🤖 AI Summary
Existing LLM-based approaches for data science focus narrowly on isolated subtasks, neglecting inter-stage dependencies and thus failing to support end-to-end workflows. Method: This paper proposes a Jupyter Notebook–centric LLM agent framework that unifies human-agent-environment interaction via Markdown cells and executable code cells. It introduces a novel finite-state transducer (FST)–based four-phase mechanism: depth-first search (DFS)–guided task planning, incremental code execution, self-diagnostic debugging, and post-hoc result filtering—enabling dynamic closed-loop feedback and autonomous error recovery. Contribution/Results: The framework achieves performance on par with or surpassing state-of-the-art methods across diverse data science tasks—including data analysis, visualization, and modeling—demonstrating strong cross-scenario generalization and the feasibility of fully automated, end-to-end data science workflows.
📝 Abstract
Data Science tasks are multifaceted, dynamic, and often domain-specific. Existing LLM-based approaches largely concentrate on isolated phases, neglecting the interdependent nature of many data science tasks and limiting their capacity for comprehensive end-to-end support. We propose DatawiseAgent, a notebook-centric LLM agent framework that unifies interactions among user, agent and the computational environment through markdown and executable code cells, supporting flexible and adaptive automated data science.
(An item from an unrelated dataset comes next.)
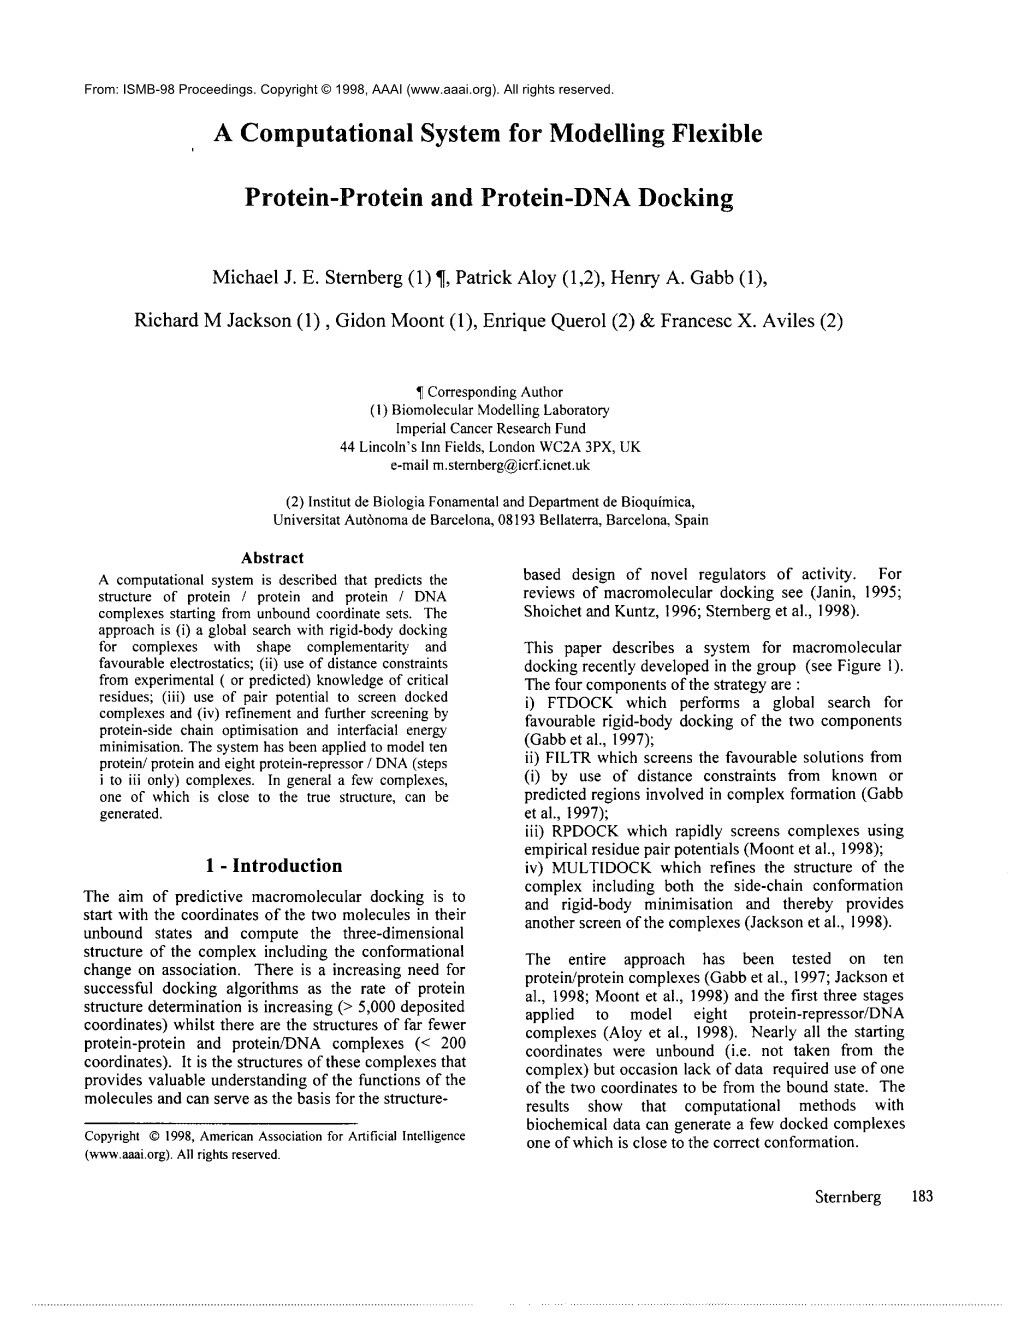 A Computational System for Modeling Flexible Protein-Protein and Protein
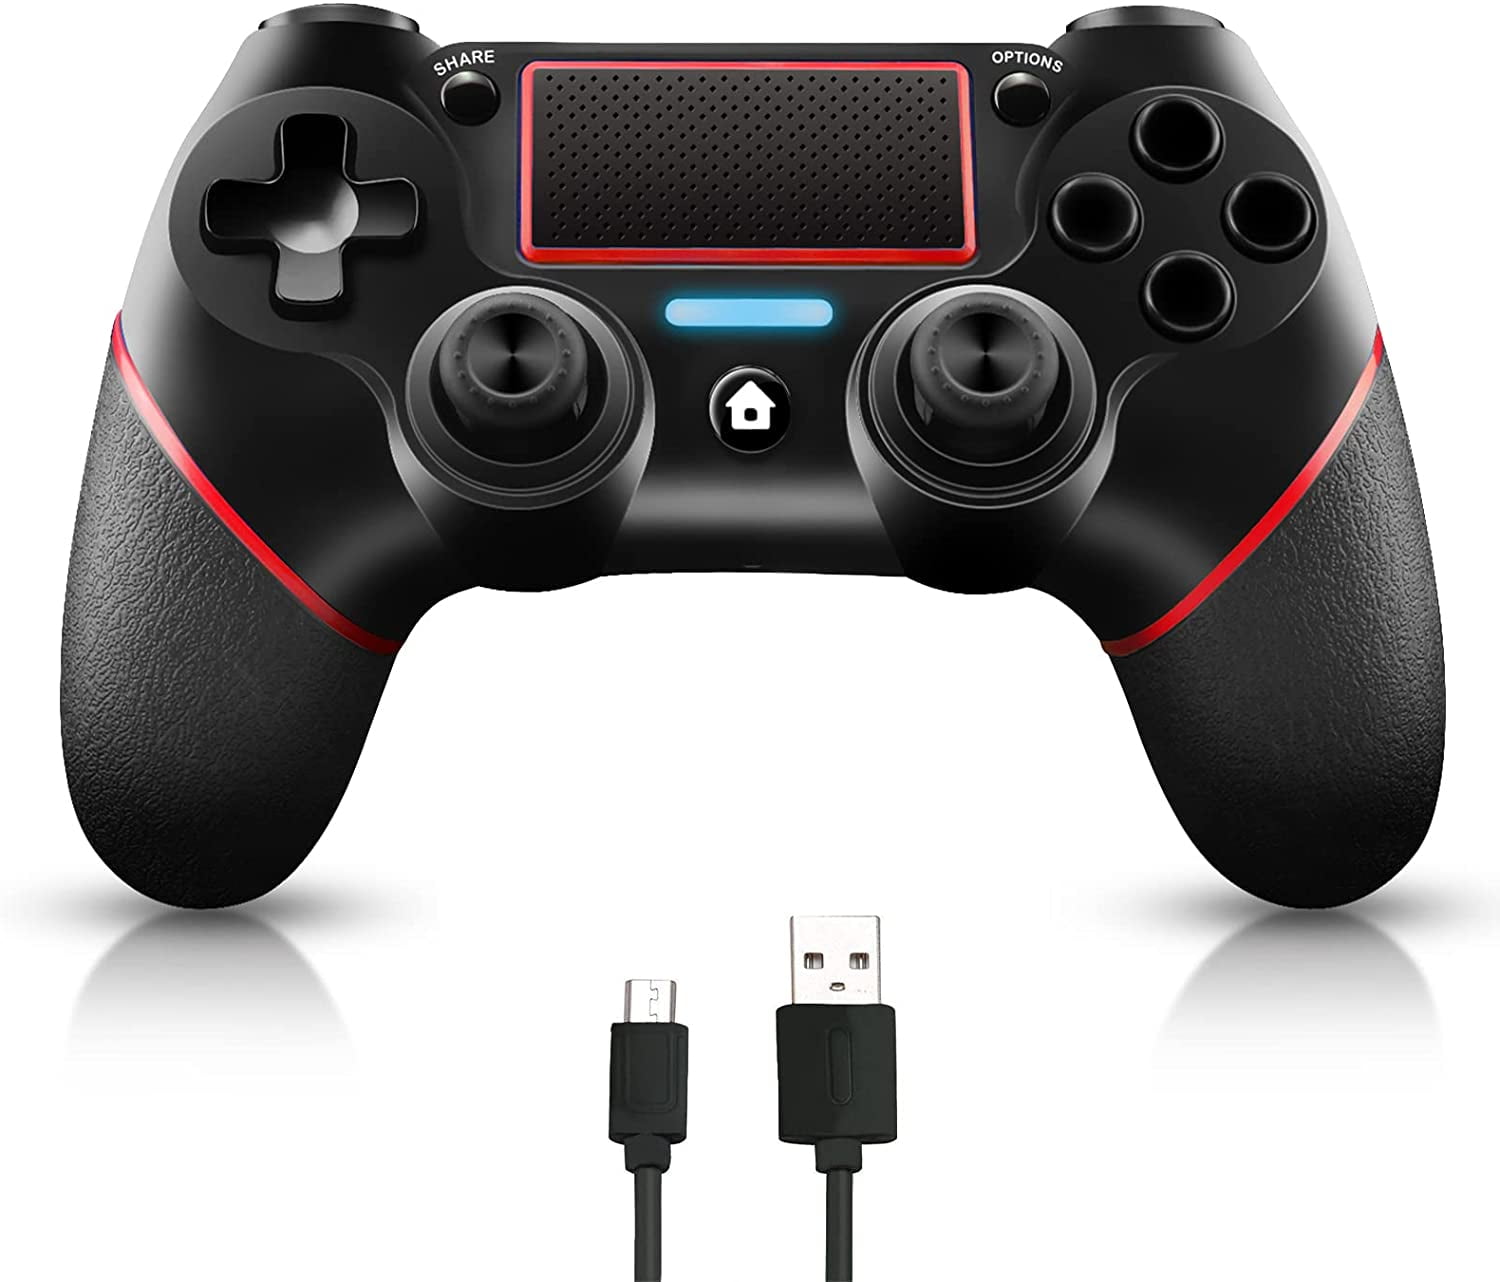 PS 4 джойстик на PC. Steam Wireless Cable. Wireless controller ps4

Built on a Finite State Transducer(FST), DatawiseAgent orchestrates four stages, including DSF-like planning, incremental execution, self-debugging, and post-filtering. Specifically, the DFS-like planning stage systematically explores the solution space, while incremental execution harnesses real-time feedback and accommodates LLM's limited capabilities to progressively complete tasks. The self-debugging and post-filtering modules further enhance reliability by diagnosing and correcting errors and pruning extraneous information. Extensive experiments on diverse tasks, including data analysis, visualization, and data modeling, show that DatawiseAgent consistently outperforms or matches state-of-the-art methods across multiple model settings. These results highlight its potential to generalize across data science scenarios and lay the groundwork for more efficient, fully automated workflows.